Think Piece - 'Sticks and Stones' But words are hurting!

Dr. Jane Campbell, Chair of the Social Care Institute for Excellence in England, discusses the importance of language and particular words. Internet publication URL: www.independentliving.org/docs6/campbell2002a.html

Compassion, tolerance, care for vulnerable people. “Why do these "feel good" words, mainstays of the New Tory lexicon, make some of us feel so uneasy?”

Partly it is that their synonyms are not so attractive; to think that someone is pitying you or putting up with you and that they are doing this because they see you as weak, is not a good feeling. But this is not the whole reason. It is also because these words are chosen in favour of other words - rights, equality, and services for those who need them.

The language used also helps to define the relationship between the governed and the governing. Comfortable, feelgood words can take this relationship backwards, not forwards. Service User’s who are young and old Disabled people, do not require "compassion" for our impairments. We want rights and equal treatment. We do not want to be "tolerated", we want protection from discrimination. We do not want to be typecast as "vulnerable" in order to get daily help in our lives. We want services relevant to our needs.

Tolerance is not the same thing as acceptance, it is certainly not equality. (The official Church of England position on "tolerating" homosexual clergy is but one illustration of this.) Tolerance is an important virtue, but social policy based on tolerance rather than rights leaves some people as second or third class citizens, tolerated but not embraced in their community.

Compassion can be valuable - if its meaning is not just to sympathise with other people's distress but to act, to alleviate it. It needs to recognise that for many people distress is caused by wholly preventable factors. For example, people who become housebound often become depressed. Improving access to the local environment, restoring their contact, is a more appropriate response than sympathy or counselling.

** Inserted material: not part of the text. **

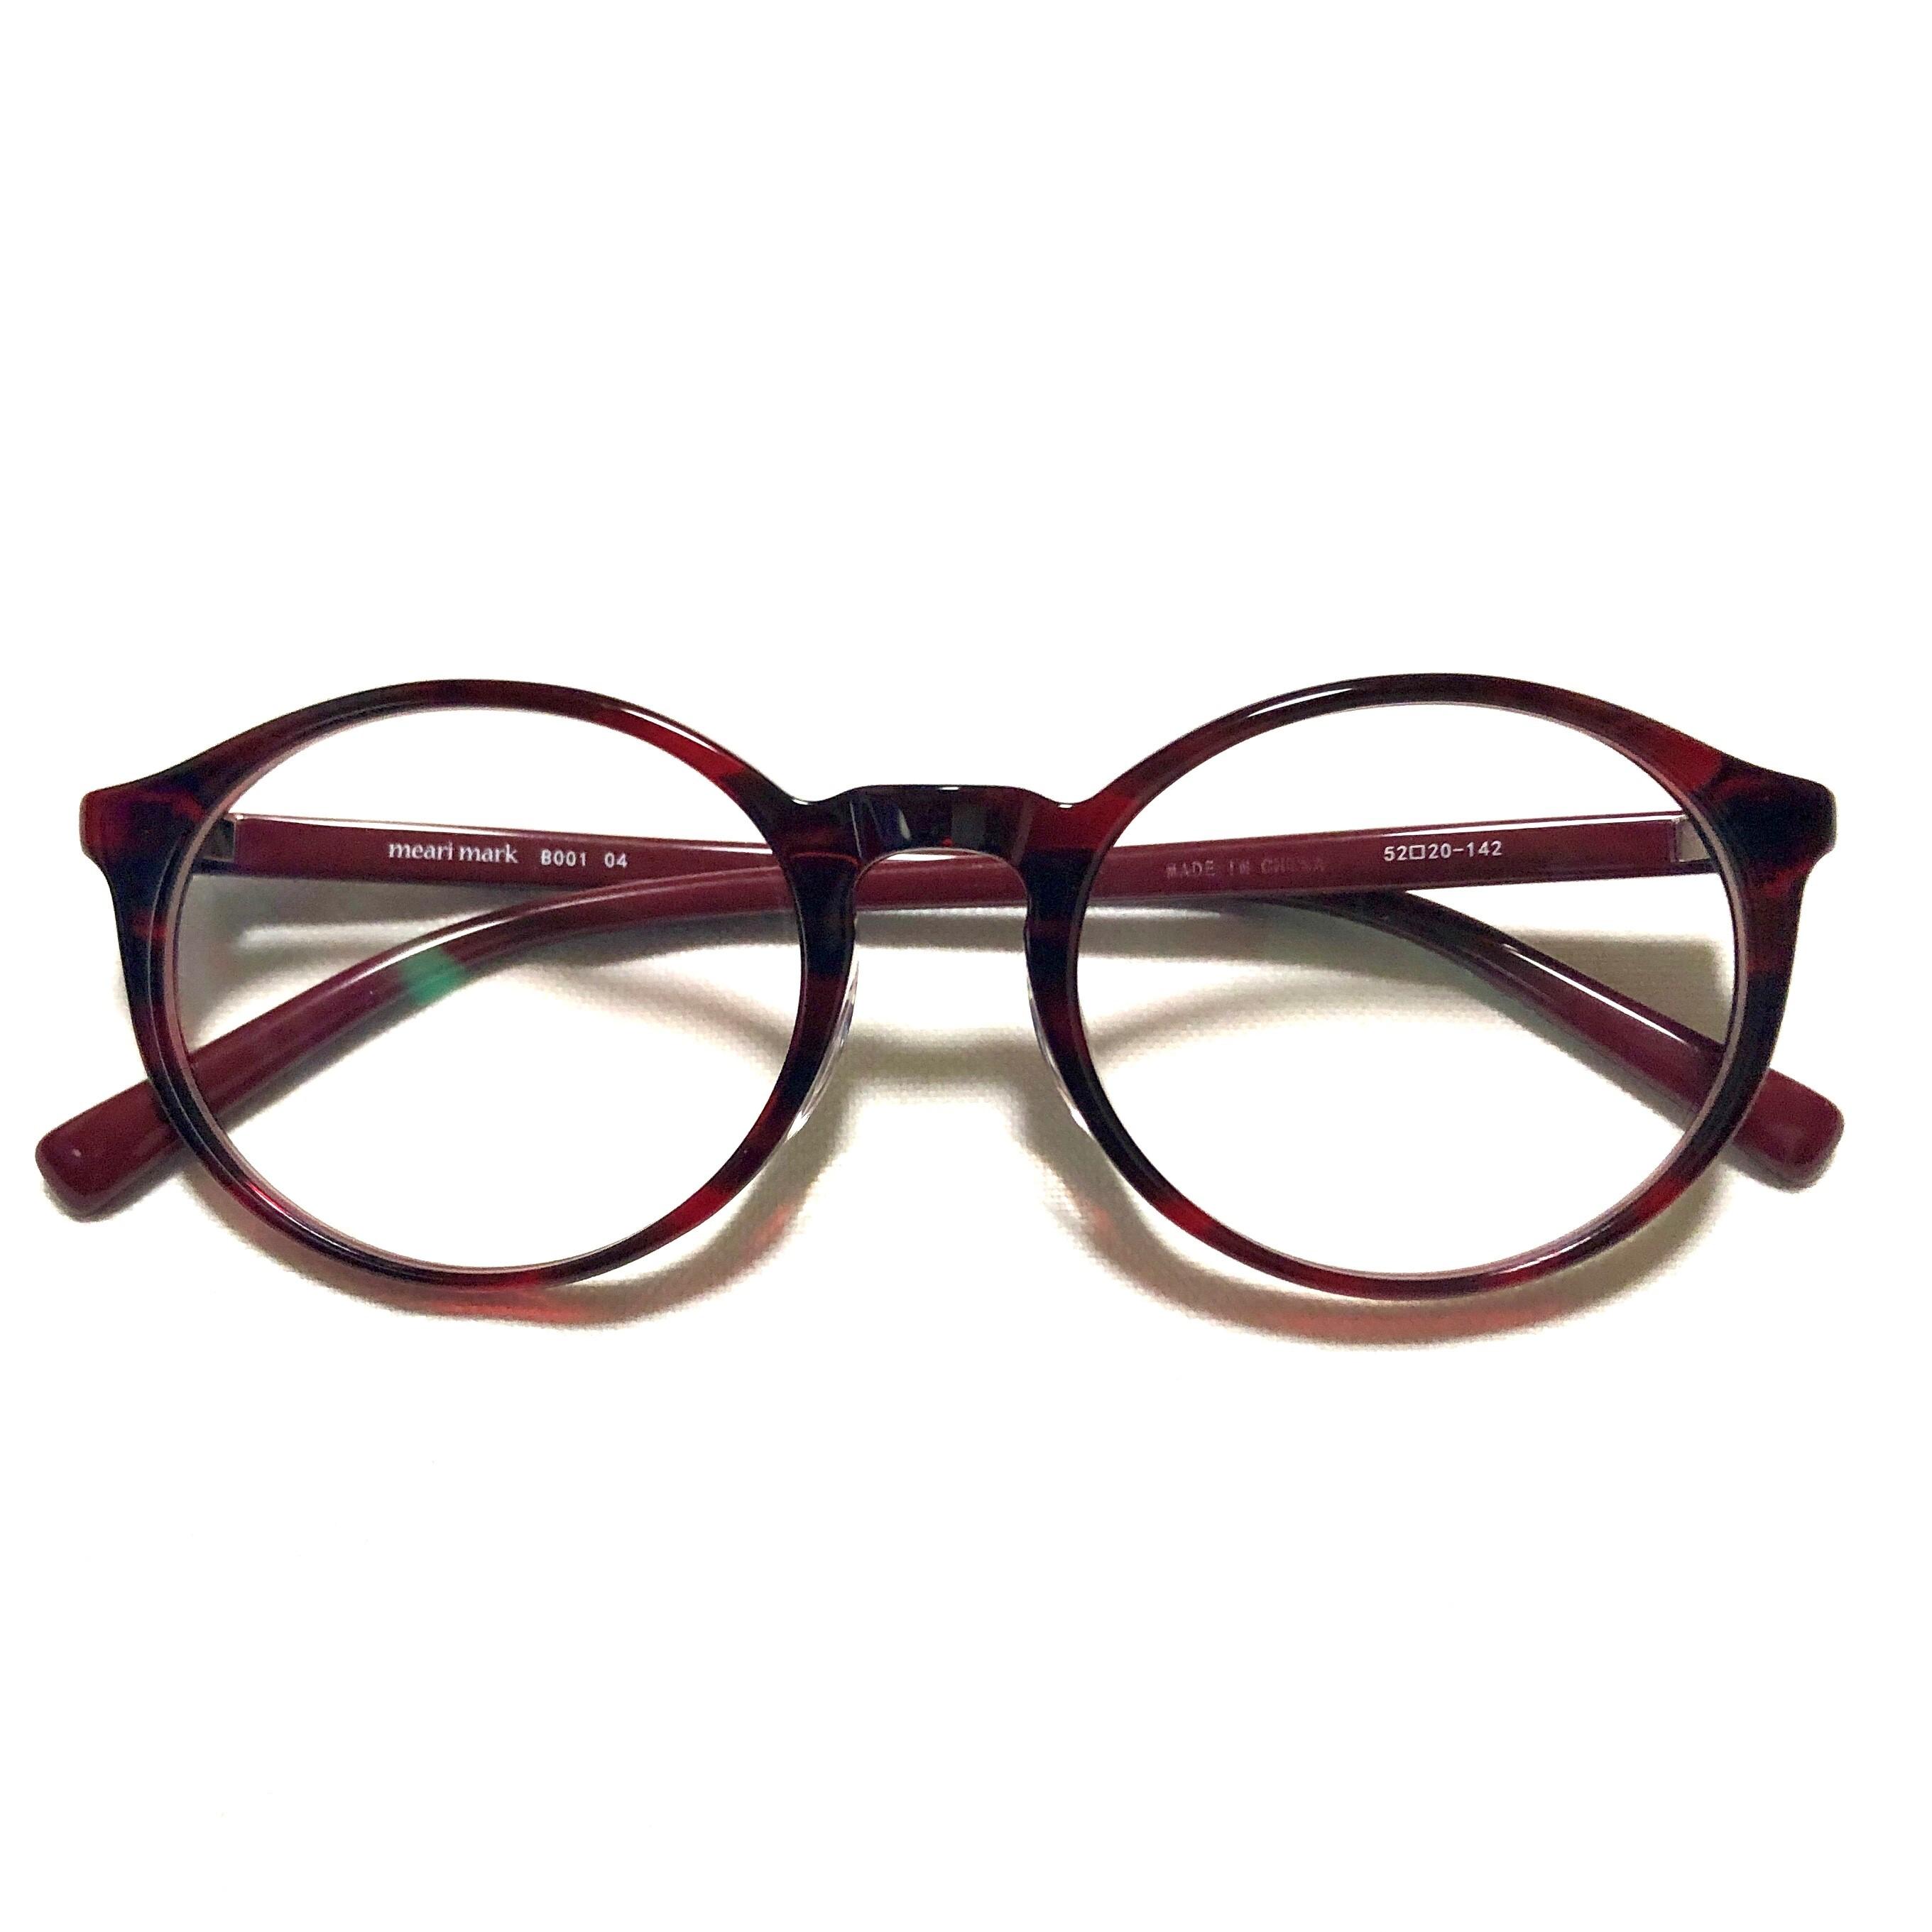 meari mark B001 04 (紫外線カットレンズ付きファッショングラス)

People are vulnerable at times, but this is a transitional state, not an absolute one: if you stay out all night in sub zero weather, you are vulnerable to hypothermia. If a loved one dies you are vulnerable to deep sadness. This does not define you as a chilly or a sad person! But people who will get sick if someone does not get them out of bed or fetch them a meal, and who turn to statutory services to cover this need, find themselves categorised, defined, as vulnerable. Services for "vulnerable" people treat their recipients as passive, and result in perpetuating dependency.

What matters about all this is not that some woolly words make us feel queasy. It is that the thinking behind them produces the wrong solutions. In recent years, among ourselves disabled people have developed all sorts of ideas and insights, relevant to both disabled and non-disabled people. We have, for example, designed new methods of providing services, which enable people with significant impairments to work and live independently. At one level, government recognises this, in its support for direct payments, for example.

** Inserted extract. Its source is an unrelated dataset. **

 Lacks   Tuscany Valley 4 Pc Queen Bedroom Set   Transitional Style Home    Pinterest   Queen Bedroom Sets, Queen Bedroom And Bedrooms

But at another level, it often sounds as if those in government are turning away from the progressive, transformative potential of communities, such as the disability movement and other service user movements, and focusing purely on our problems. This is damaging in all sorts of ways. Good policies about promoting independence are undermined if those charged with implementing them believe that service users are inherently dependent. Valuable user involvement in service development is thwarted if service managers believe that users are incapable. Worse, some service providers seem to ally concepts of vulnerable and needy with demanding, in a curious way to make being in need into a socially irresponsible act. Many service users are seen as a drain on resources, creating a problem in managing budgets. The human rights issues are invisible.

Words matter. It is convenient to have a collective adjective to describe consumers of welfare services, but it is also dangerous. In order to use education services we do not have to be defined as “ignorant” (even if in one sense we certainly are - else we would not require the education.) Although “vulnerable” is not used in a pejorative sense (as “ignorant” can be) it is still a loaded word. It should be used with greater selectivity and greater sensitivity.

In conclusion, I want to leave you with Confucius

One day a disciple asked him “If a king were to entrust you with a territory which you could govern according to your ideas, what would you do first? Confucius replied, “My first task would certainly be to rectify the names.” On hearing this the disciple was puzzled “Rectify the names? And that would be your first priority? Is this a joke?”

Confucius explained, “If the names are not correct, if they do not match realities, language has no object. If language is without an object, action becomes impossible – and therefore, all human affairs disintegrate and their management becomes pointless and impossible. Hence the very first task of a true statesman is to rectify the names.”